You’ll get a few hits on the first one and millions on the second one, Mason said.

“You’re telling me we’re going to educate people about pork production through social media? It’s not going to happen.”

  • Messages about affordable food resonate. The cheap food argument is outdated, said Mason, who noted that Americans are willing to spend $13 billion a year on bottled water alone.

“That’s more money than the entire economy of Nicaragua,” Mason said. Also, about 15 percent of Americans don’t pay for food, based on the number of people receiving food and nutrition benefits through the farm bill.

Finding a better way

So what’s a farmer to do? Mason offers the following strategies:

  • Adapt the National Rifle Association’s tactics. The NRA’s messages of freedom and choice resonate far beyond the group’s 3.5 million members to the 100 million gun owners in America.

“Gun owners don’t like to hear that people want to take away their guns,” Mason said. “What if we point out that animal activists are linking meat consumption to climate change and would like to take away your right to choose pork?”

  • Challenge people to think. This is vital in an era when food has become a hot-button political issue.

Think about former New York City Mayor Michael Bloomberg’s attempt to ban sodas and other sugary beverages larger than 16 ounces.

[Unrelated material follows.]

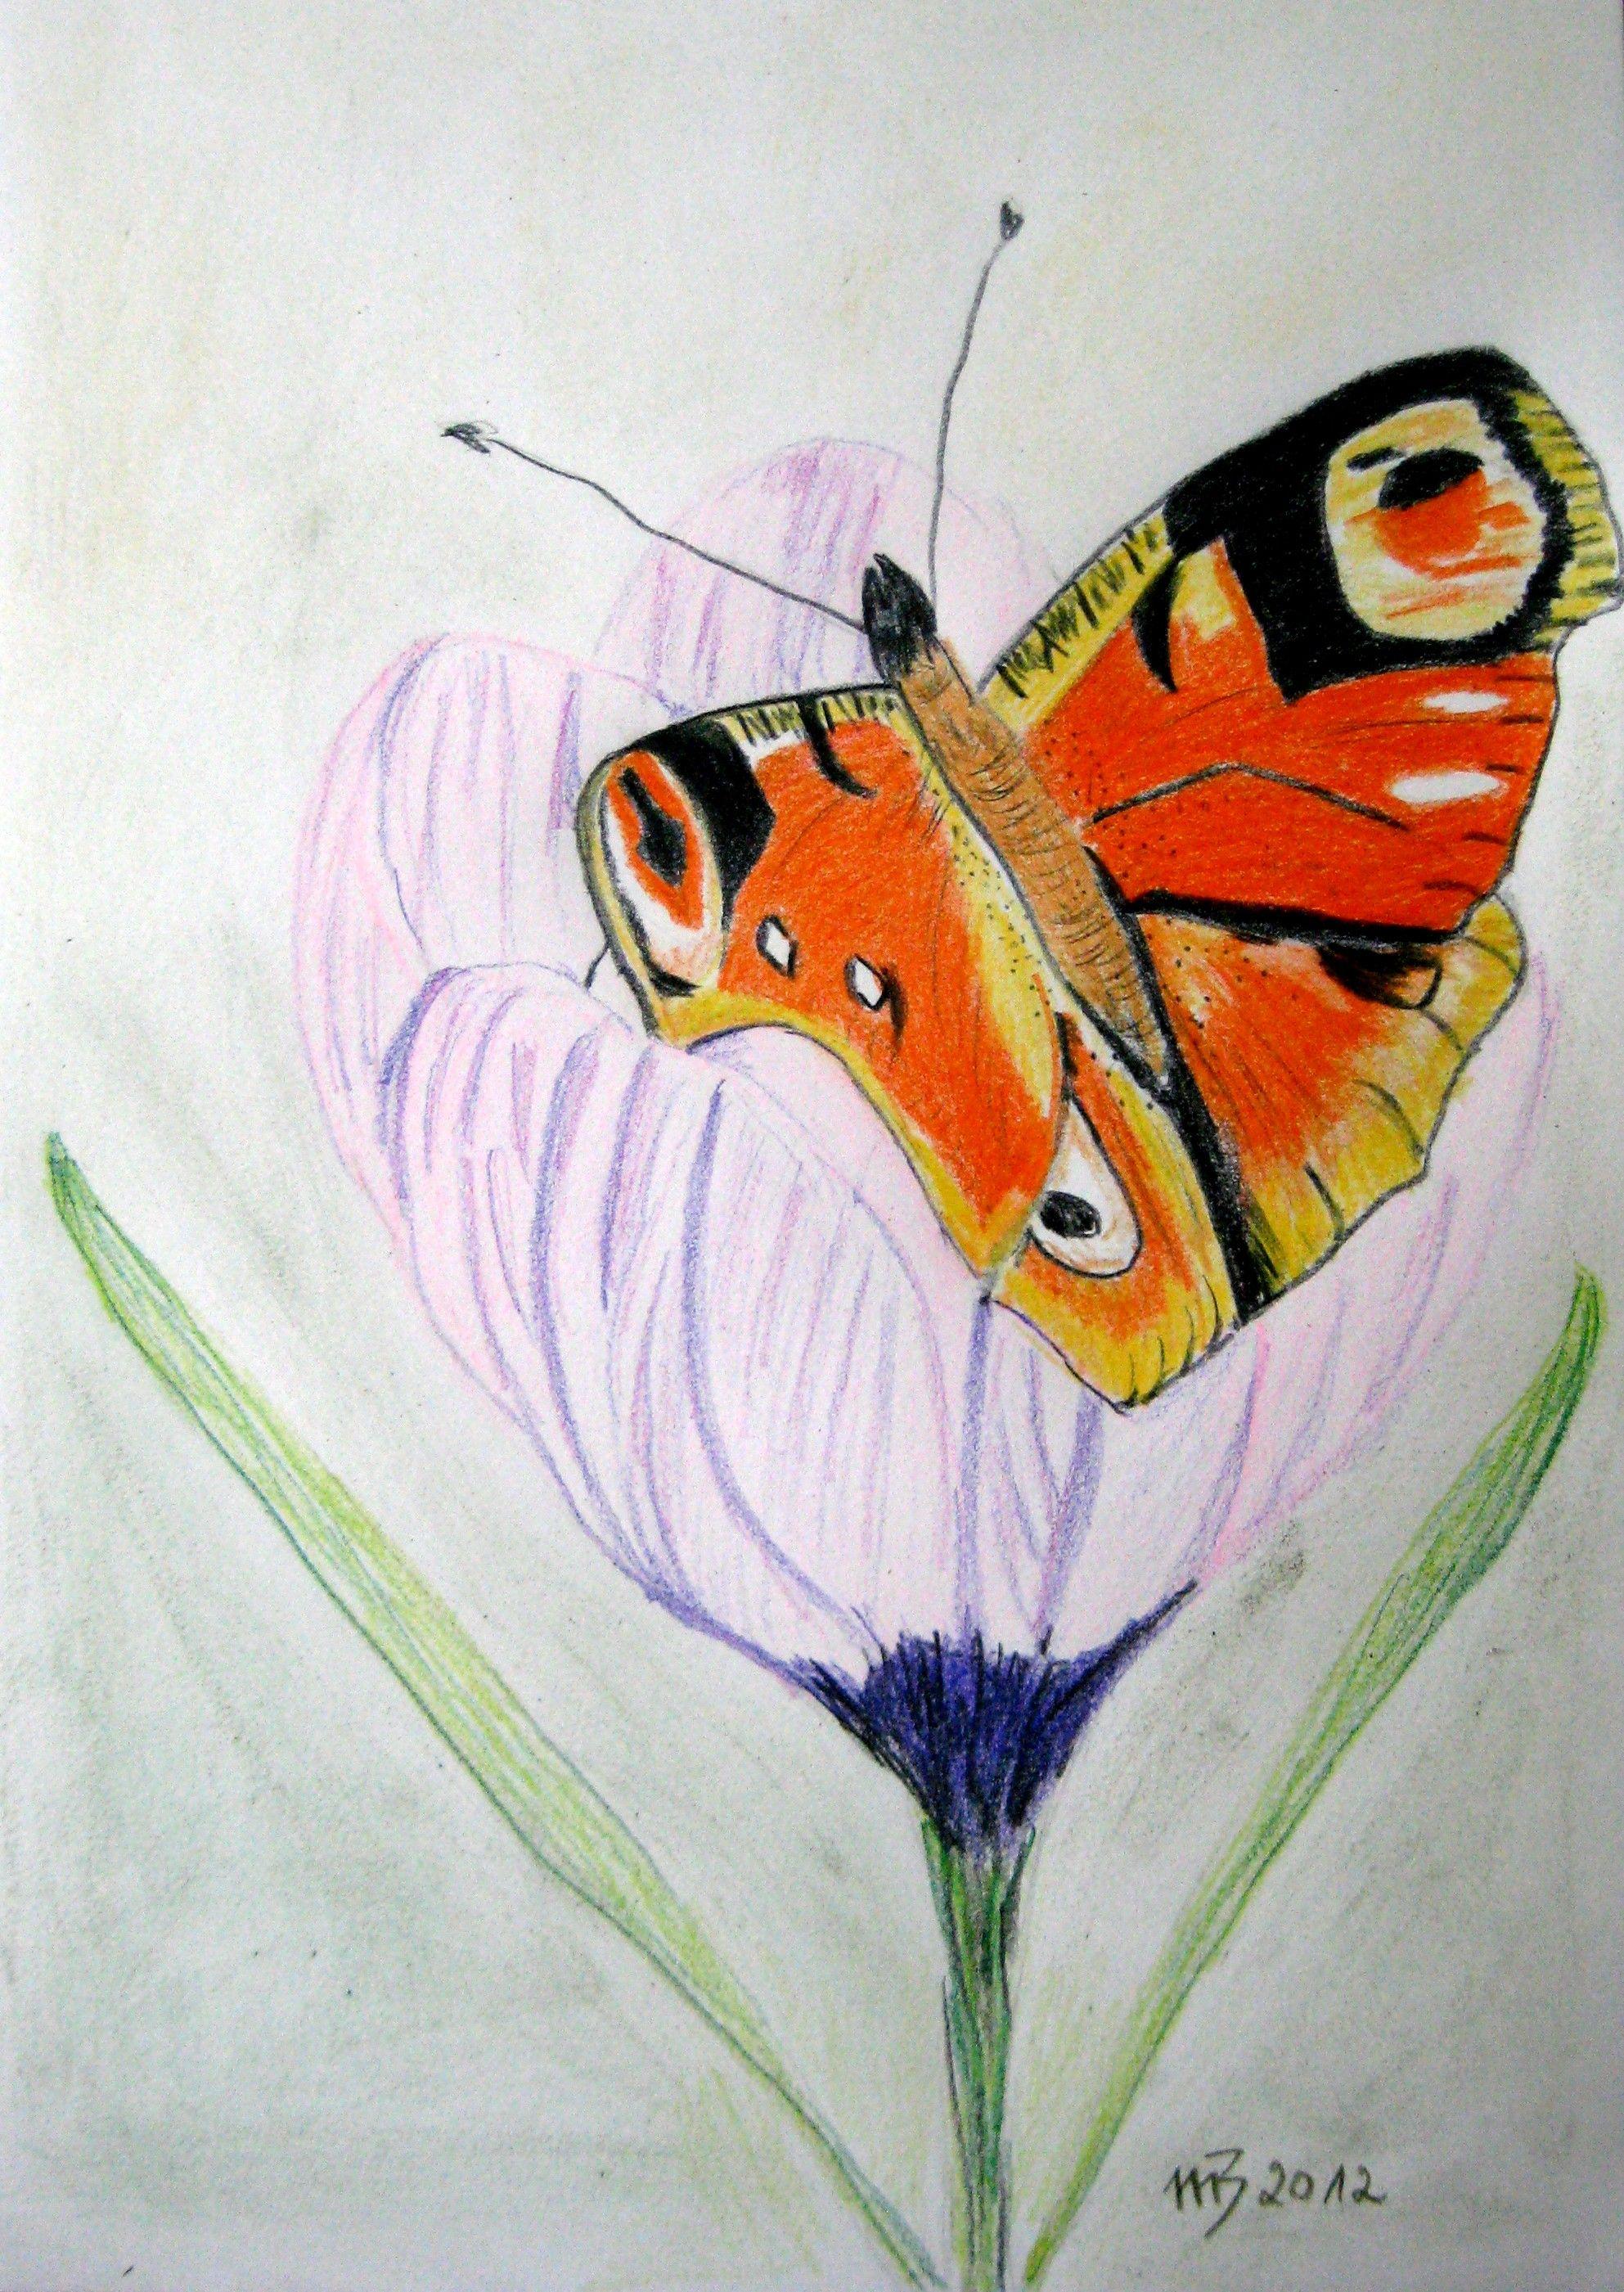 Frühlingsgruß, Buntstift, 30 x 21 cm

“Ask people whether they think we need politicians dictating how much bacon they can eat?” Mason said. He encouraged producers to check out a new book, “The Big Fat Surprise: Why Butter, Meat and Cheese Belong in a Healthy Diet,” by Nina Teicholz.

“This refutes the health doctrines of the last 60 years on a scientific basis,” Mason said.

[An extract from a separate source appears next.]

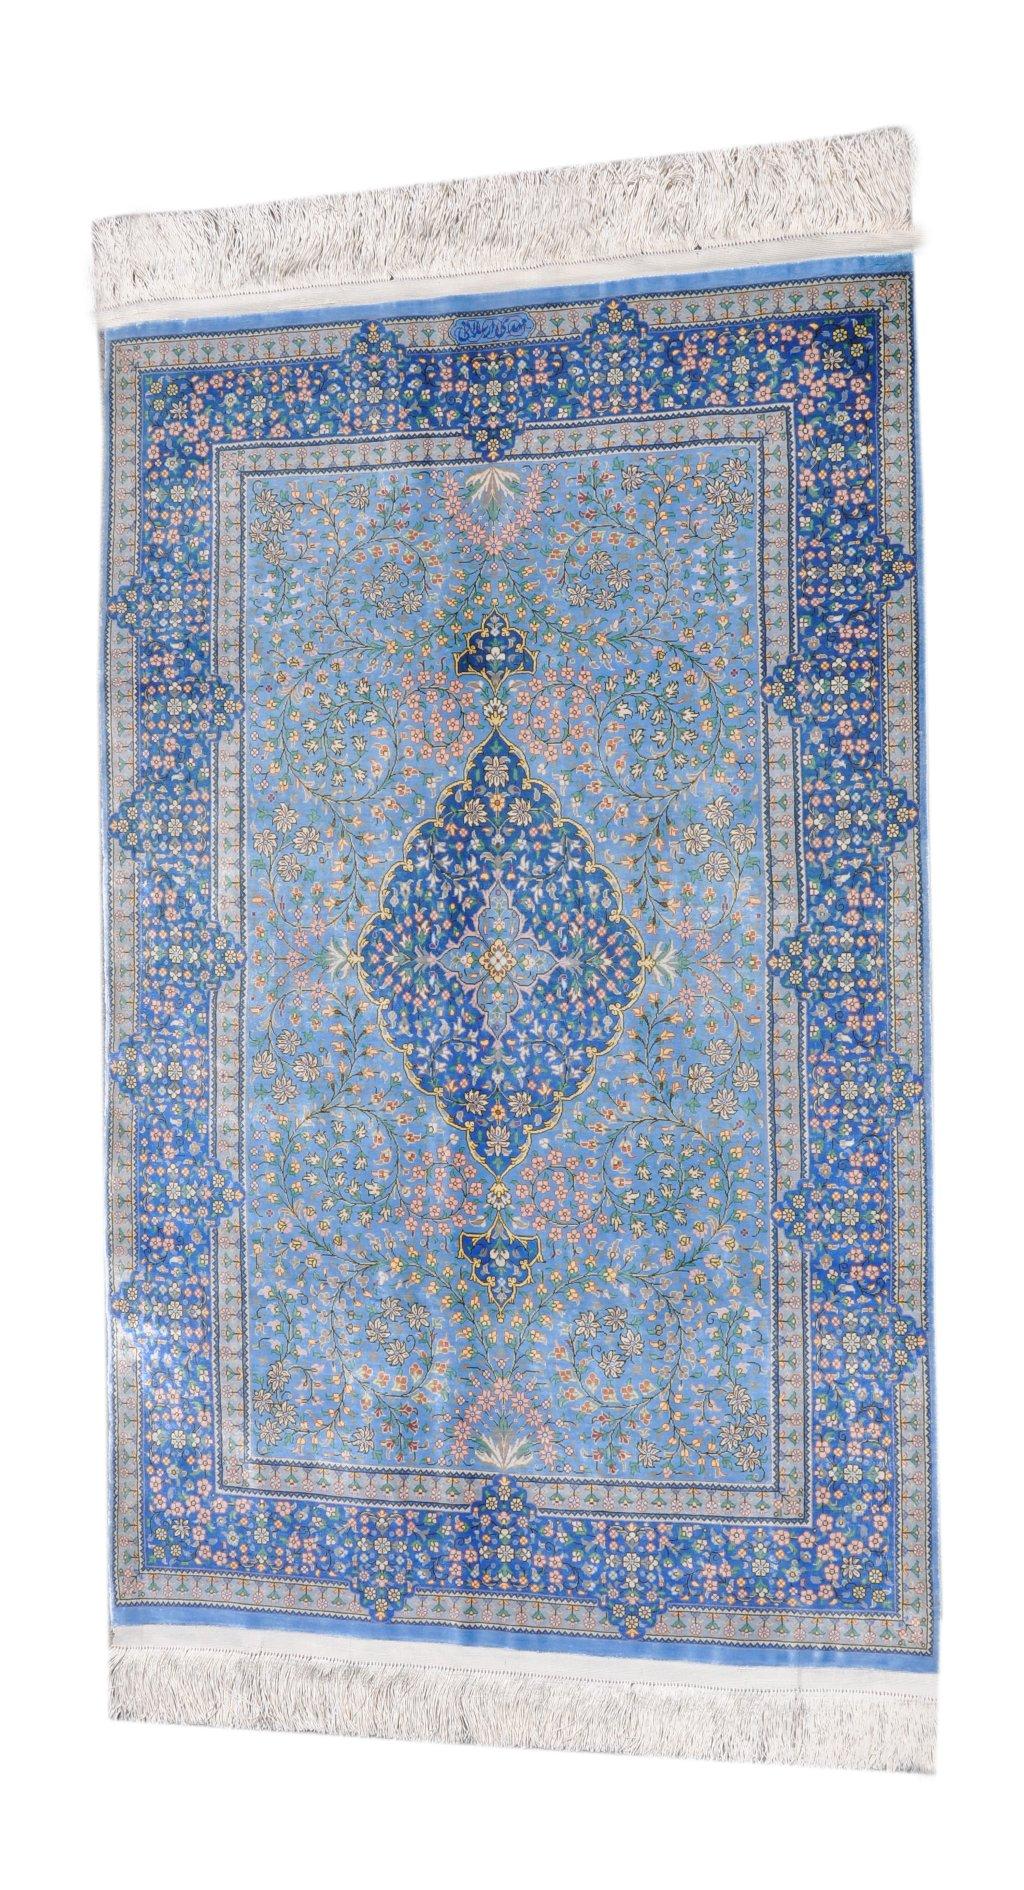 Arsalani Qom Silk Zarcharak Arsalani Luxury And Modern Rugs

  • Stop using science. While solid science is vital, don’t use it as your primary argument when talking to the masses.

“It doesn’t matter what the science says; it matters what people think,” Mason said.

  • Realize that people are motivated by self-interest, emotion and feel-good stories.

“I think you need to provide humane-verified pork. Also promote bacon’s popularity and the fact that protein is cool again.

“As you answer your consumers, remember that pork has a great story to tell.”